TASK DETAILS: Repeat the full listing below verbatim and keep the images out.

[[ RAW DATA, beginning ]]

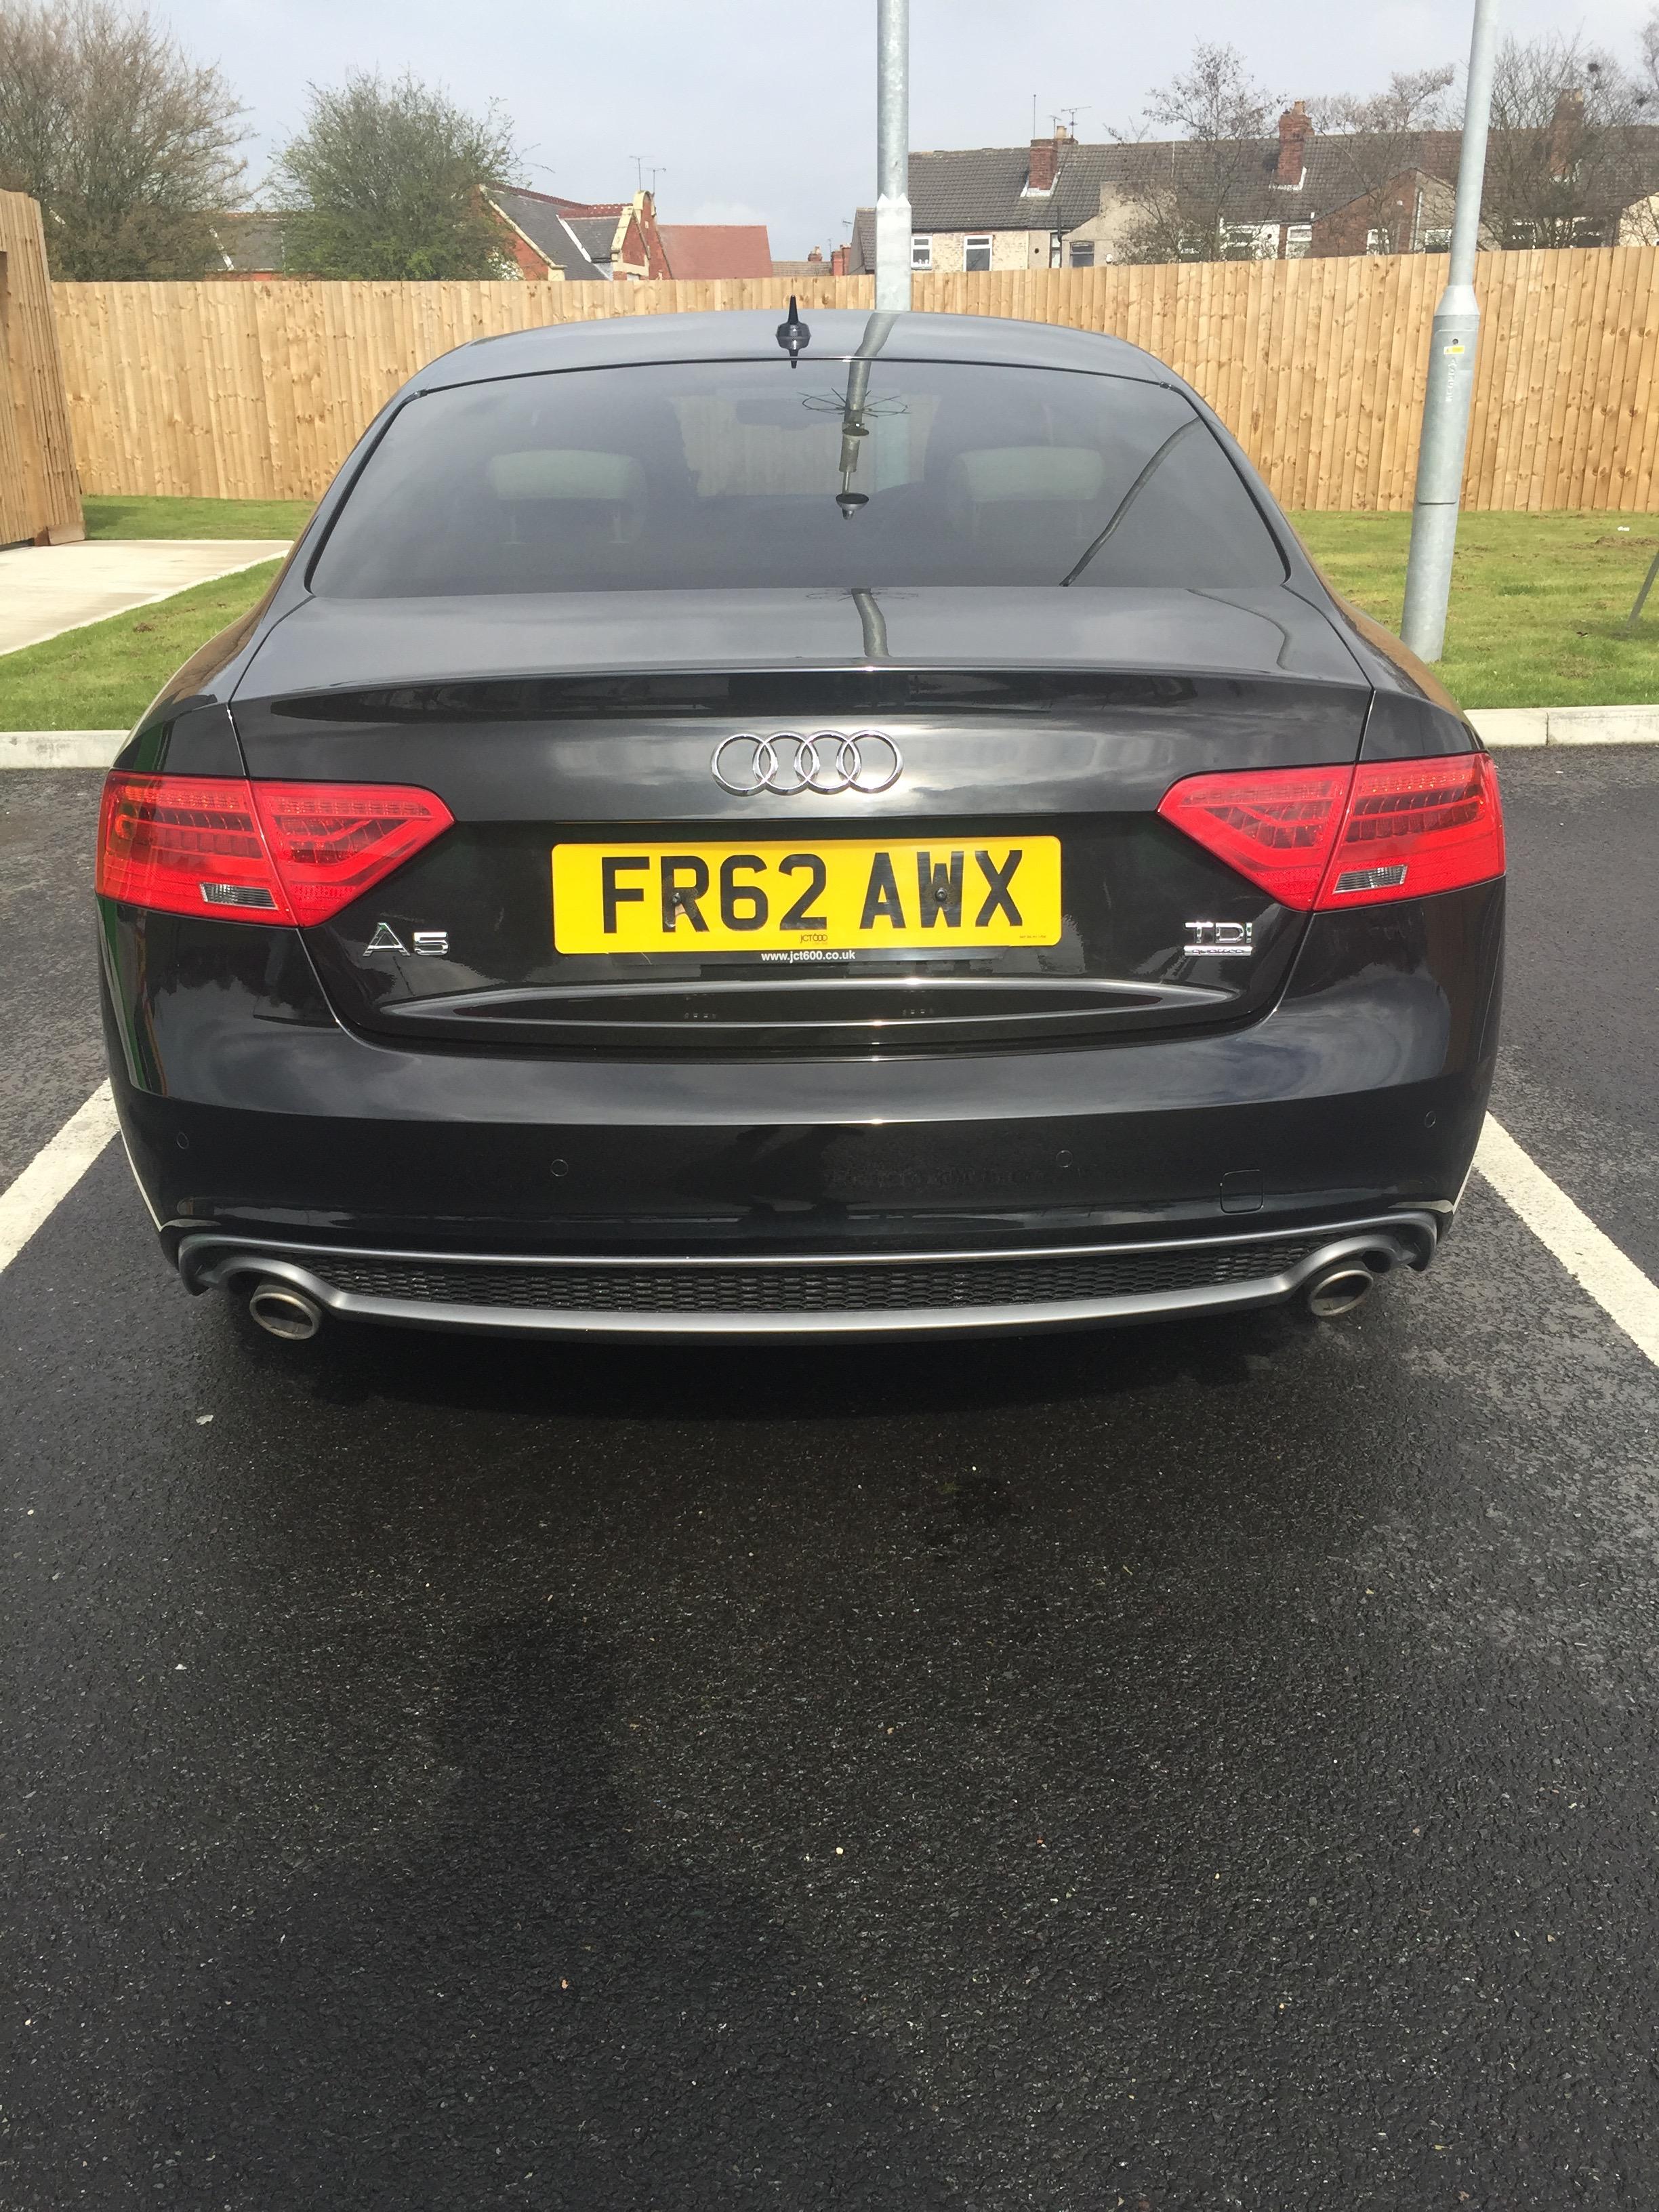 Kelebihan Kekurangan Audi A5 3.0 Harga
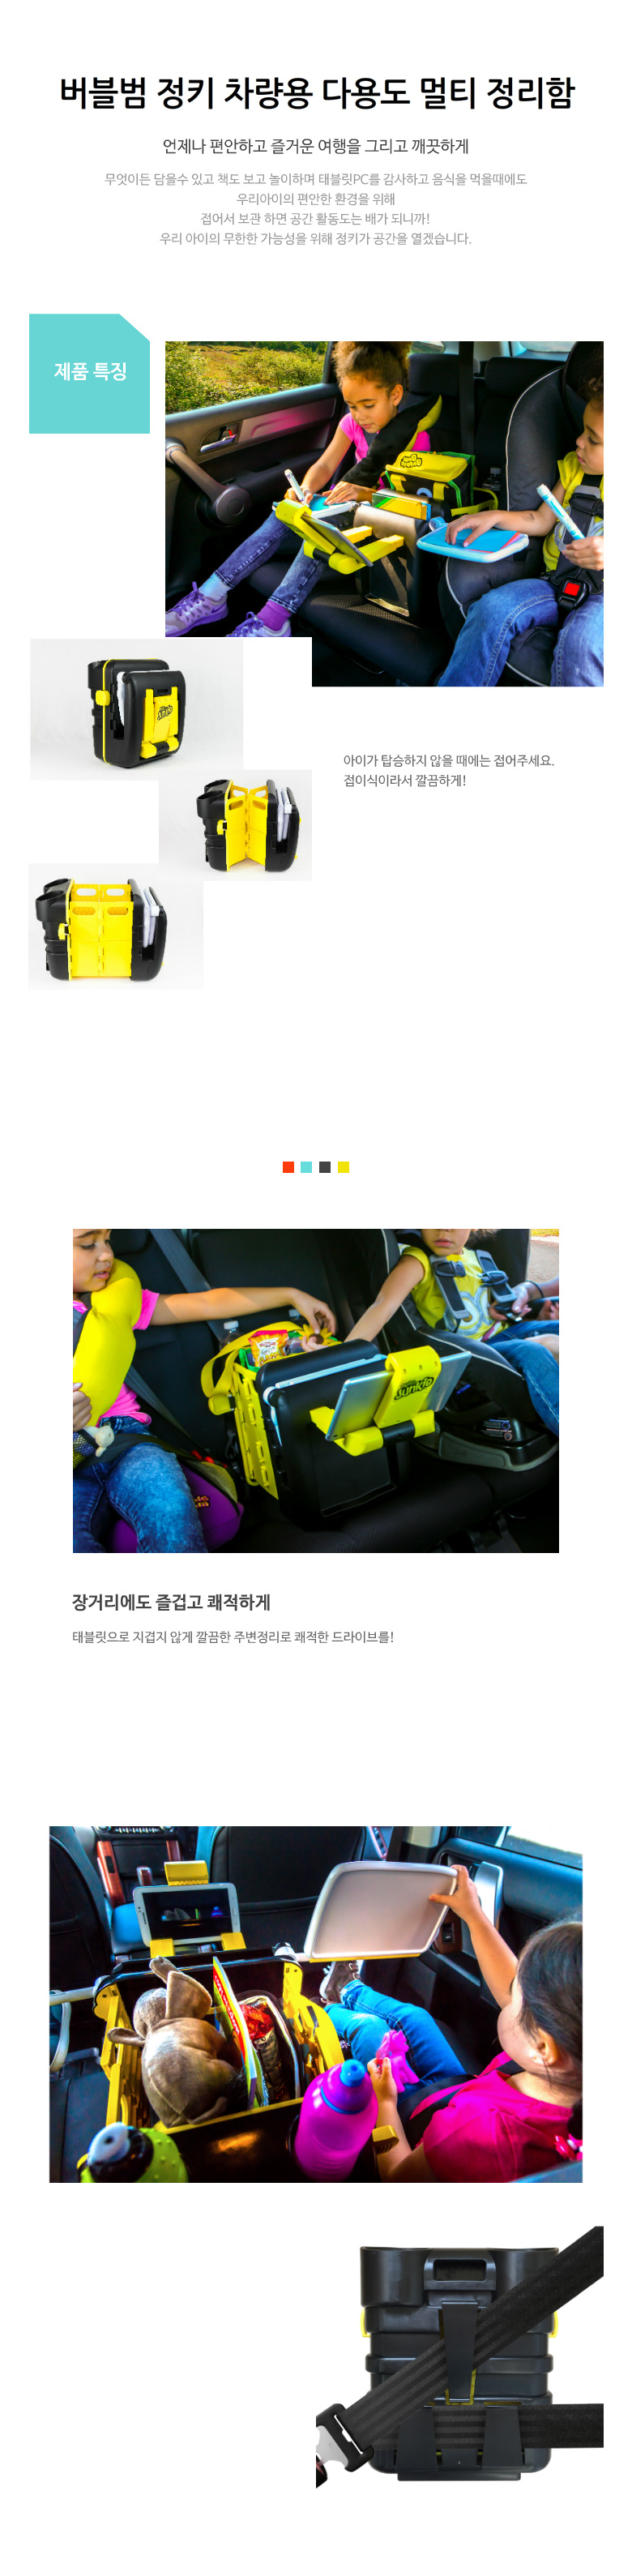 버블범 다용도 멀티함 정키 - 버블범, 74,800원, 유모차/카시트, 카시트/유아차량용품
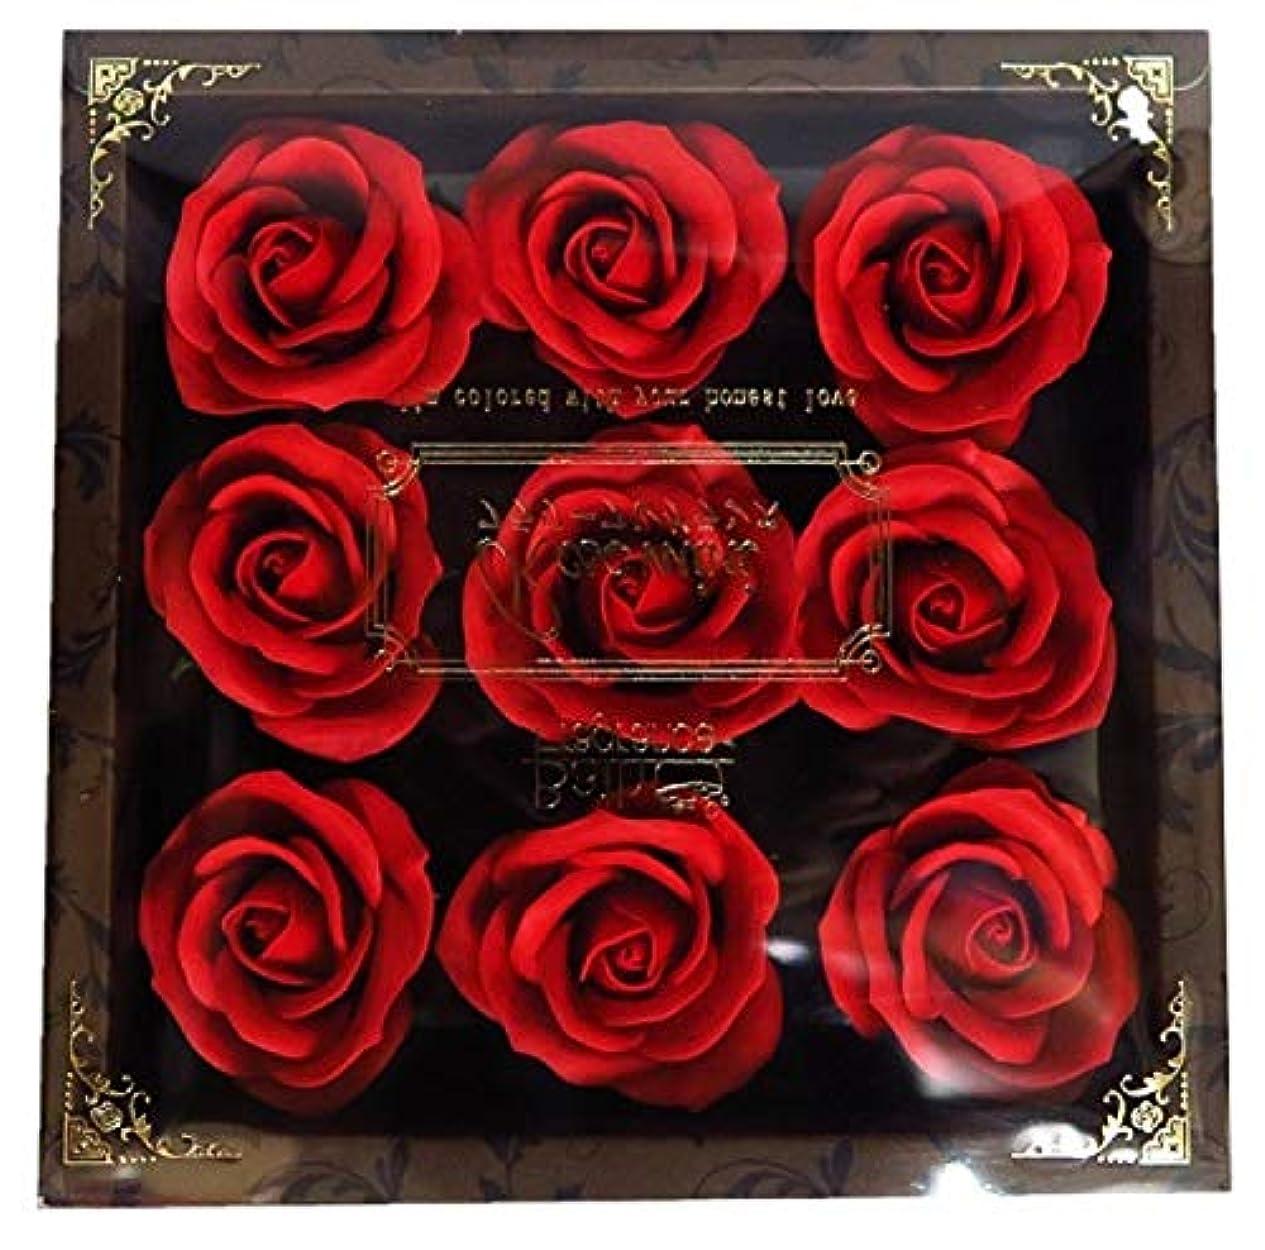 強制的費やすご意見バスフレグランス フラワーフレグランス ミニローズフレグランス(L)レッド ギフト お花の形の入浴剤 プレゼント ばら

[[ RAW DATA, end ]]

RESULT:
 Kelebihan Kekurangan Audi A5 3.0 Harga
 버블범 다용도 멀티함 정키 - 버블범, 74,800원, 유모차/카시트, 카시트/유아차량용품
 強制的費やすご意見バスフレグランス フラワーフレグランス ミニローズフレグランス(L)レッド ギフト お花の形の入浴剤 プレゼント ばら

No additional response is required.